Only one stretch of the data below should be repeated: the lines from the line containing "Lobby with seating" through the line containing "Valley Gardens, Harrogate, une", inclusive, exactly as they are.

DATASET EXTRACT:
= = = =

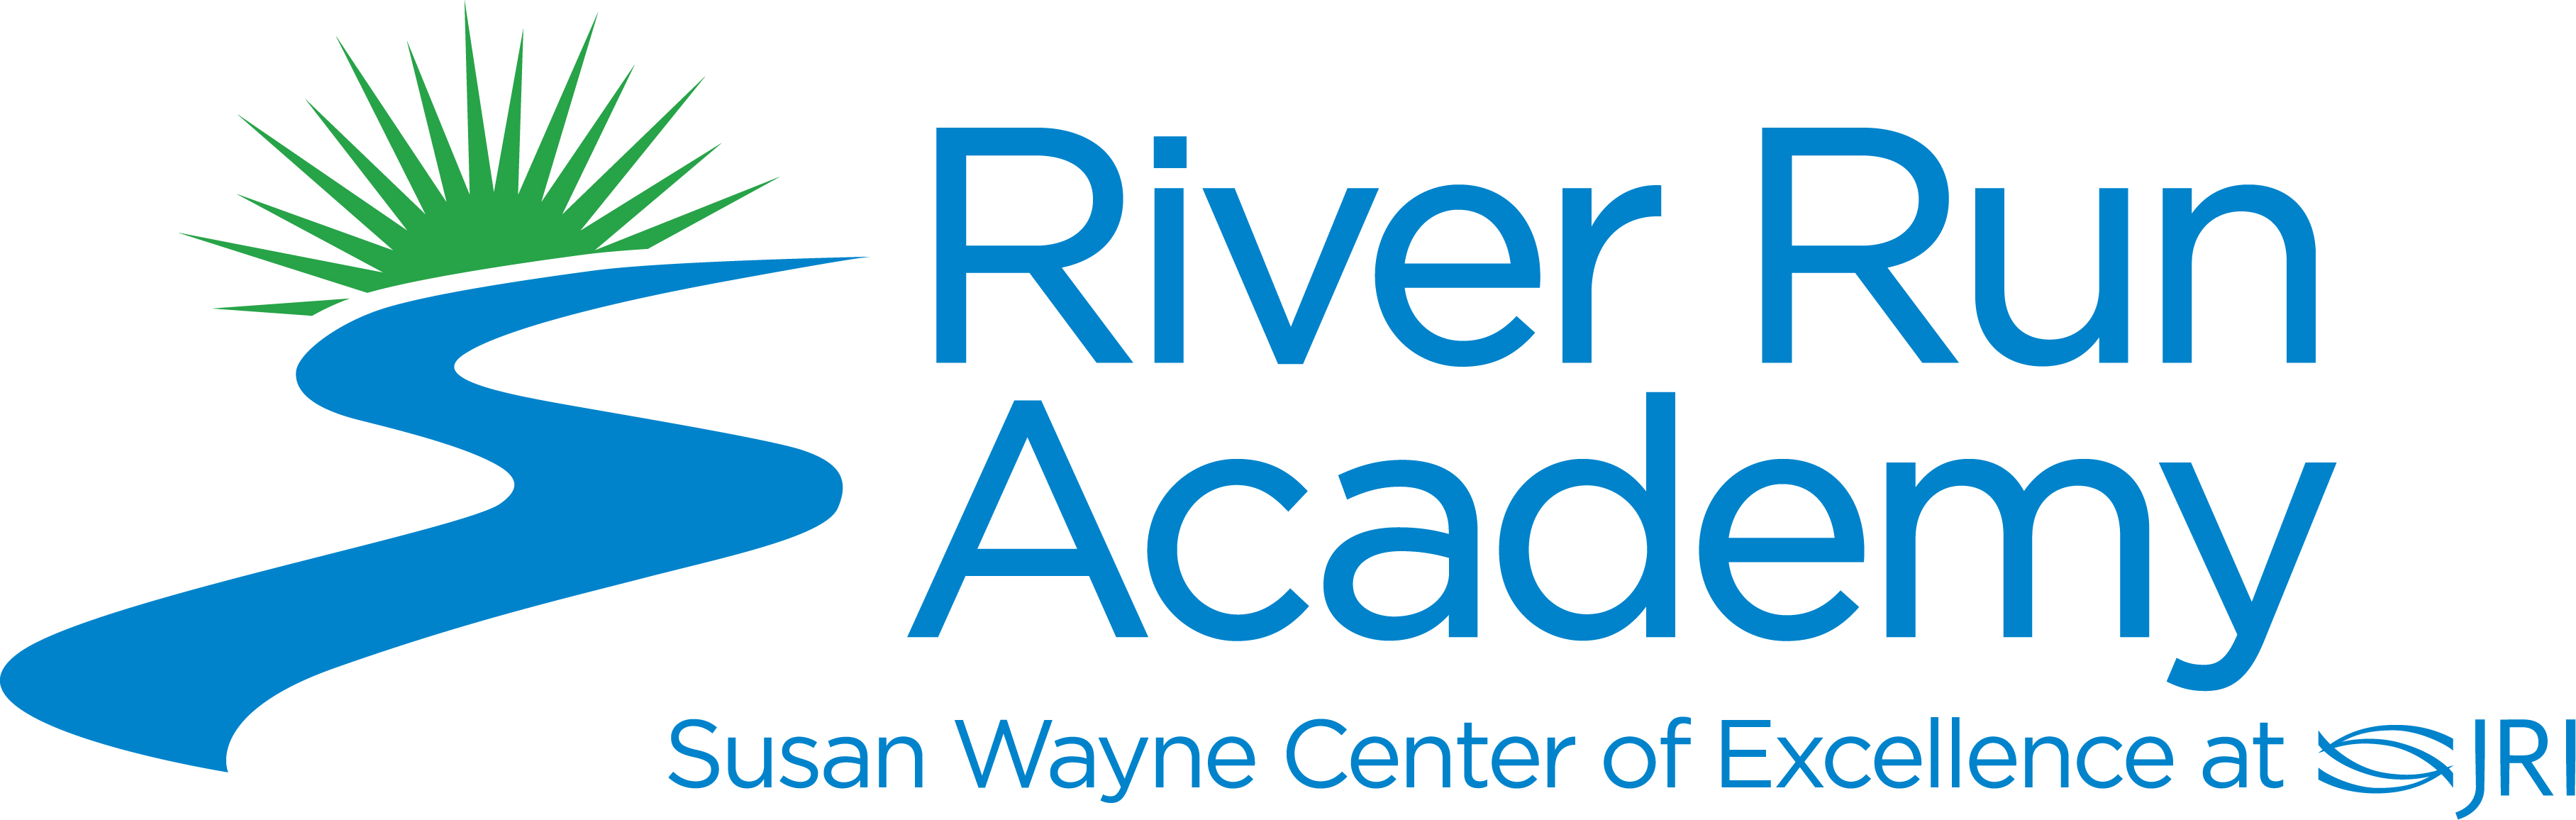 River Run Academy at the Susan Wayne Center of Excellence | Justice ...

= = = =

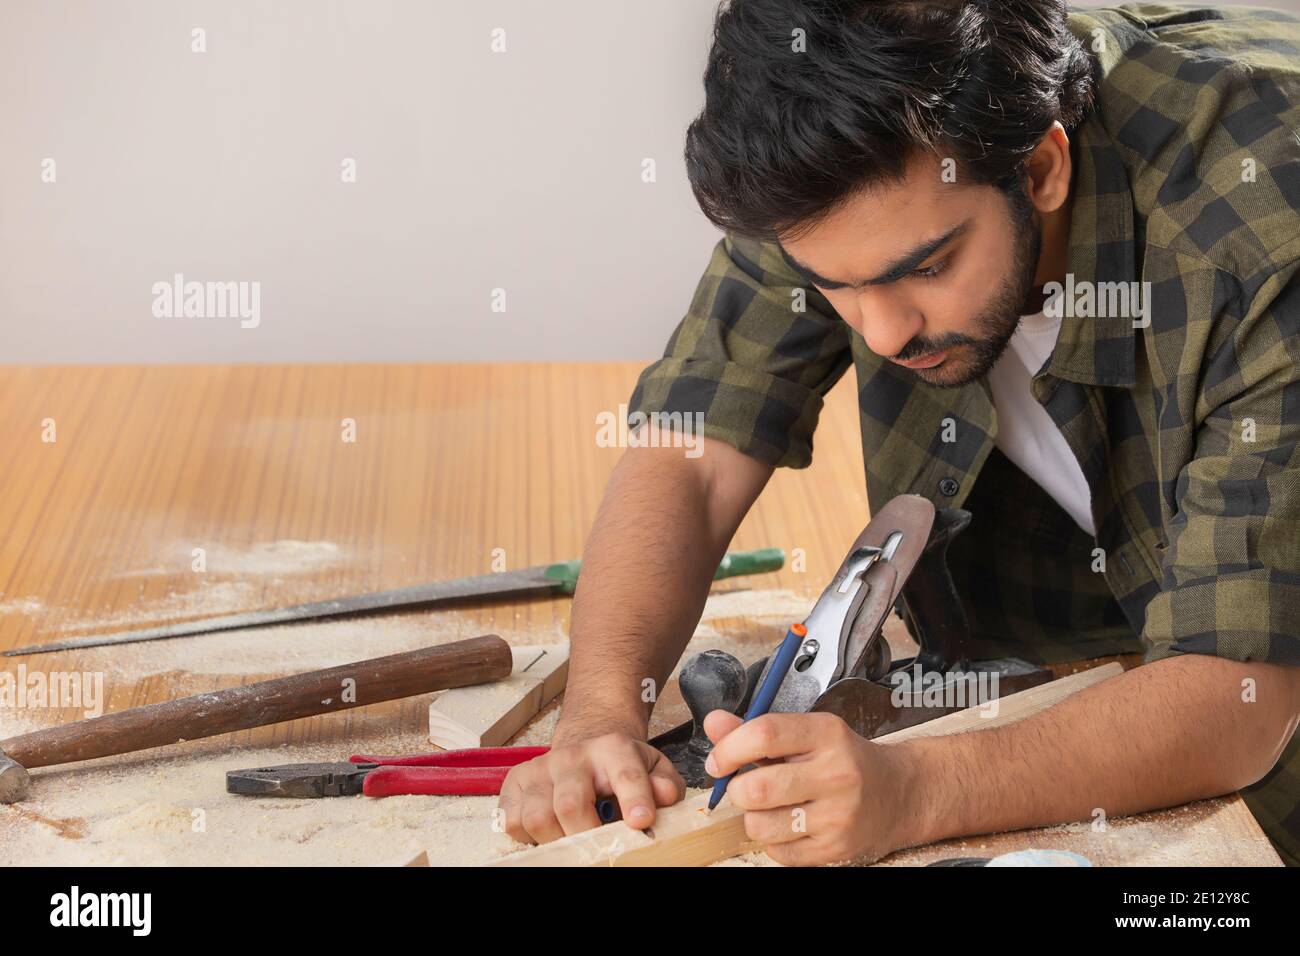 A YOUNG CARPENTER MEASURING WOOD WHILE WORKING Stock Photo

= = = =

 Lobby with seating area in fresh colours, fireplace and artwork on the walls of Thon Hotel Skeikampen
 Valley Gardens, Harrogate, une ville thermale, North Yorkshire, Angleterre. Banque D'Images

= = = =

EXPECTED ANSWER:
 Lobby with seating area in fresh colours, fireplace and artwork on the walls of Thon Hotel Skeikampen
 Valley Gardens, Harrogate, une ville thermale, North Yorkshire, Angleterre. Banque D'Images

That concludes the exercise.